16. The computer implemented method of claim 15 further comprising classifying the received NS signal as uncertain spoofing when there is disagreement between the final decision neural network and the rules-based system.
17. A navigation system (NS) receiver, comprising:
an antenna configured to receive a NS signal;
a module configured to obtain a set of metrics associated with the received NS signal; and
a neural network configured to use the set of metrics as inputs and further configured to classify whether the received NS signal is affected by spoofing.
18. The NS receiver of claim 17 wherein the set of metrics comprises power spectral density.
19. The NS receiver of claim 17 wherein the set of metrics comprises total input power.
20. The NS receiver of claim 17 wherein the set of metrics comprises carrier to noise ratio of the received NS signal.
21. The NS receiver of claim 17 wherein the set of metrics comprises signal quality monitoring of the received NS signal.
22. The NS receiver of claim 17 wherein the set of metrics comprises a clock bias of the received NS signal.
23. The NS receiver of claim 17 wherein the set of metrics comprises a cross-ambiguity function of the received NS signal.
24. The NS receiver of claim 17 wherein classifying whether the received NS signal is affected by spoofing further comprises determining a type of spoofing attack occurring.
25. The NS receiver of claim 17 further comprising:
a module configured to obtain a set of non-NS signal metrics; and
wherein the neural network is further configured to use the set of non-NS metrics as additional inputs.
26. The NS receiver of claim 25, wherein the set of non-NS signal metrics comprises from an inertial navigation system.
27. The NS receiver of claim 17 wherein the NS signal comprises a global navigation satellite system (GNSS) signal.

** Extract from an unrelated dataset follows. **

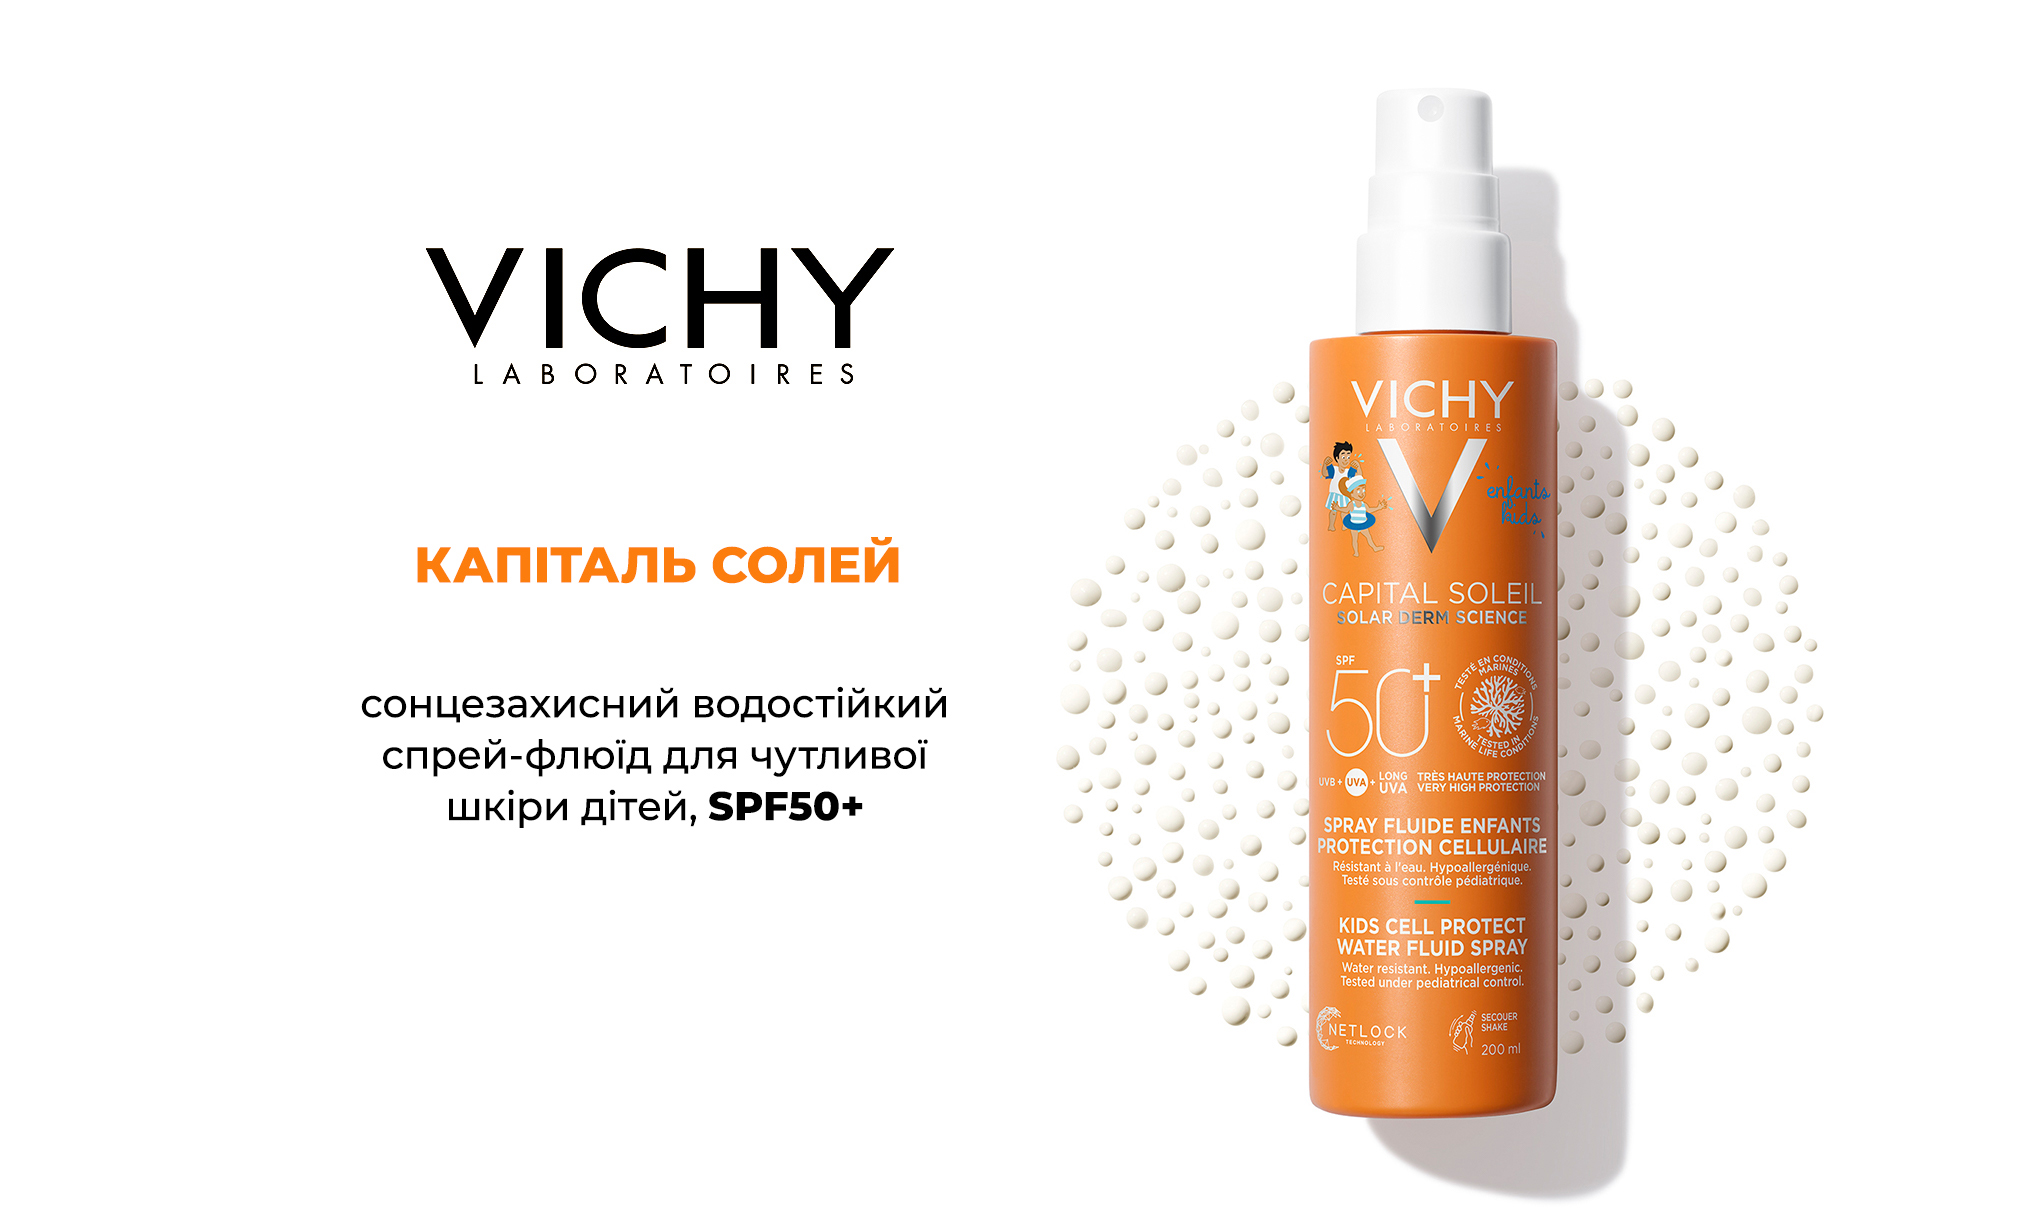 Vichy Capital Soleil Kids Cell Protect Water Fluid Spray

28. A navigation system (NS) receiver comprising:
an antenna configured to receive a NS signal;
a module configured to obtain a set of metrics associated with the received NS signal and further configured to divide the set of metrics into one or more subsets;
one or more neural networks, each neural network configured to use one of the one or more subsets of metrics as inputs to generate one or more intermediate outputs; and
a final decision module configured to use the one or more intermediate outputs to classify whether the received NS signal is affected by spoofing.
29. The NS system of claim 28 wherein the final decision module comprises a final decision neural network.
30. The NS receiver of claim 28 wherein the final decision module comprises a rules-based system.
31. The NS receiver of claim 28 wherein the final decision module comprises a final decision neural network and a rules-based system.
32. The NS receiver of claim 31 wherein the final decision module classifies the received NS signal as uncertain spoofing when there is disagreement between the final decision neural network and the rules-based system.